NHIMG editorial — based on content published by Oasis Security: Non-Human Identity Governance: Why IGA Falls Short

Questions worth separating out

Q: What breaks when organisations use human IGA for non-human identities?

A: Human IGA breaks when applied to machine identities because it assumes stable ownership, predictable lifecycle events, and human intent.

Q: Why do non-human identities need runtime context for governance?

A: Non-human identities need runtime context because their access only makes sense when you know what initiated it, what secret was used, what resource was touched, and what depends on it.

Q: How should security teams govern AI agents that can take actions on their own?

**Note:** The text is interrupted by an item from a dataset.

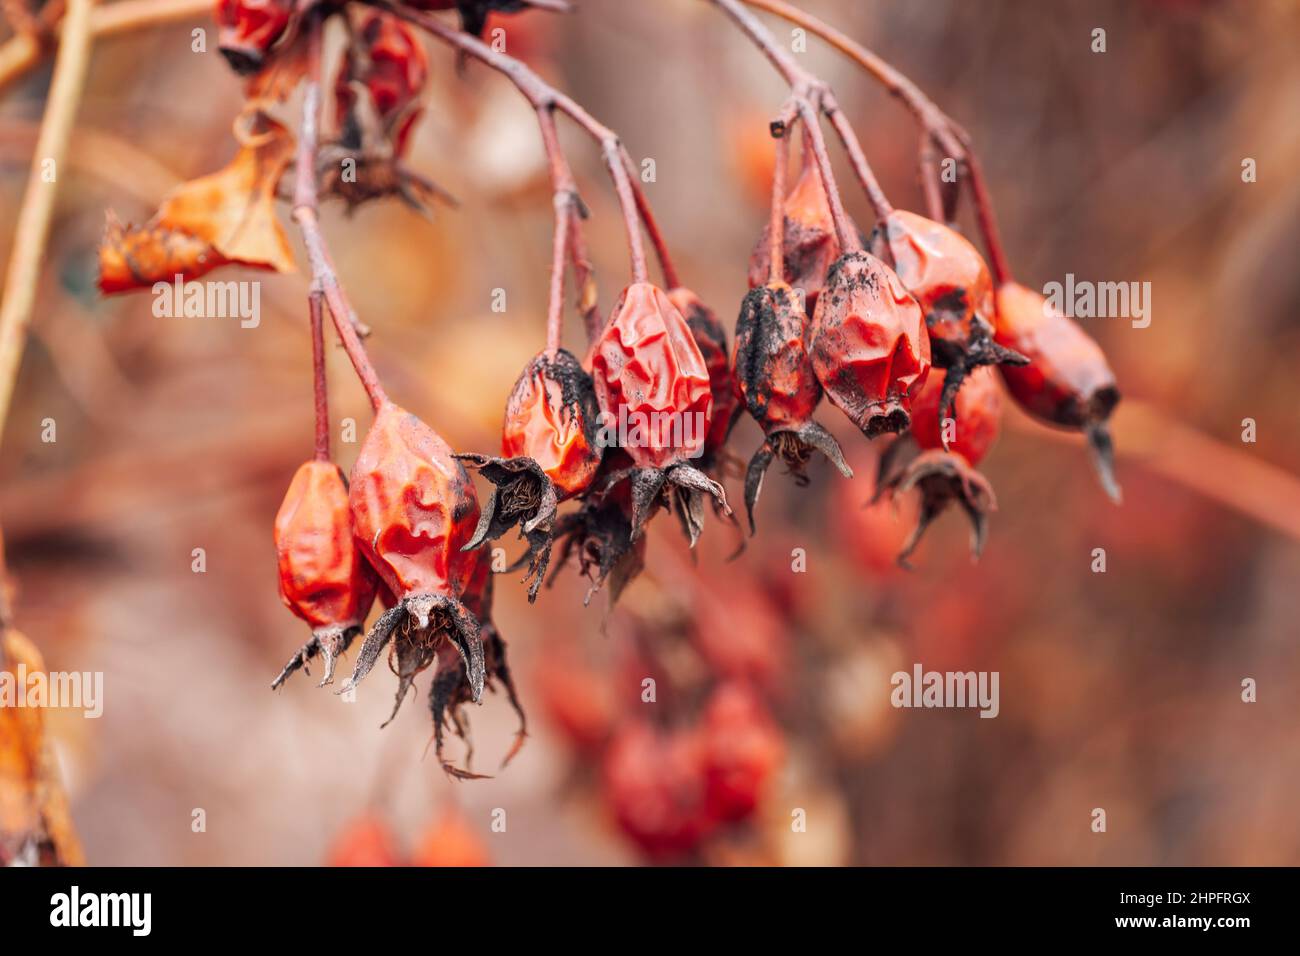 Closeup of twig of rose hip full of old berries of red color with dark spots on blurred background. Healthy plant for making tee and treatment Stock Photo

A: Security teams should govern AI agents at execution time, not only at provisioning time.

Practitioner guidance

  • Map all machine identities to a named business owner Create a governance register that links each service account, service principal, bot, and AI agent to a responsible team and a documented business purpose.
  • Replace periodic certification with usage-based validation Use logs, dependency data, and secret activity to determine whether an identity is still active before recertifying it.
  • Tie secret rotation to behaviour and risk change Rotate credentials when the identity changes purpose, when a consuming system is retired, or when abnormal usage appears.

What's in the full article

Oasis Security's full blog covers the operational detail this post intentionally leaves for the source:

  • The article's specific argument for why scheduled certifications fail when machine identities change continuously
  • The vendor's explanation of how contextual intelligence is derived from production usage rather than per-application workflows
  • The operational view of governing agentic AI access through execution-time controls and intent-aware decisioning
  • The implementation rationale for integrating identity providers, logs, and EDR instead of relying on heavy connector sprawl

👉 Read Oasis Security's analysis of why IGA falls short for non-human identity governance →

Non-human identity governance: where IGA breaks down in practice?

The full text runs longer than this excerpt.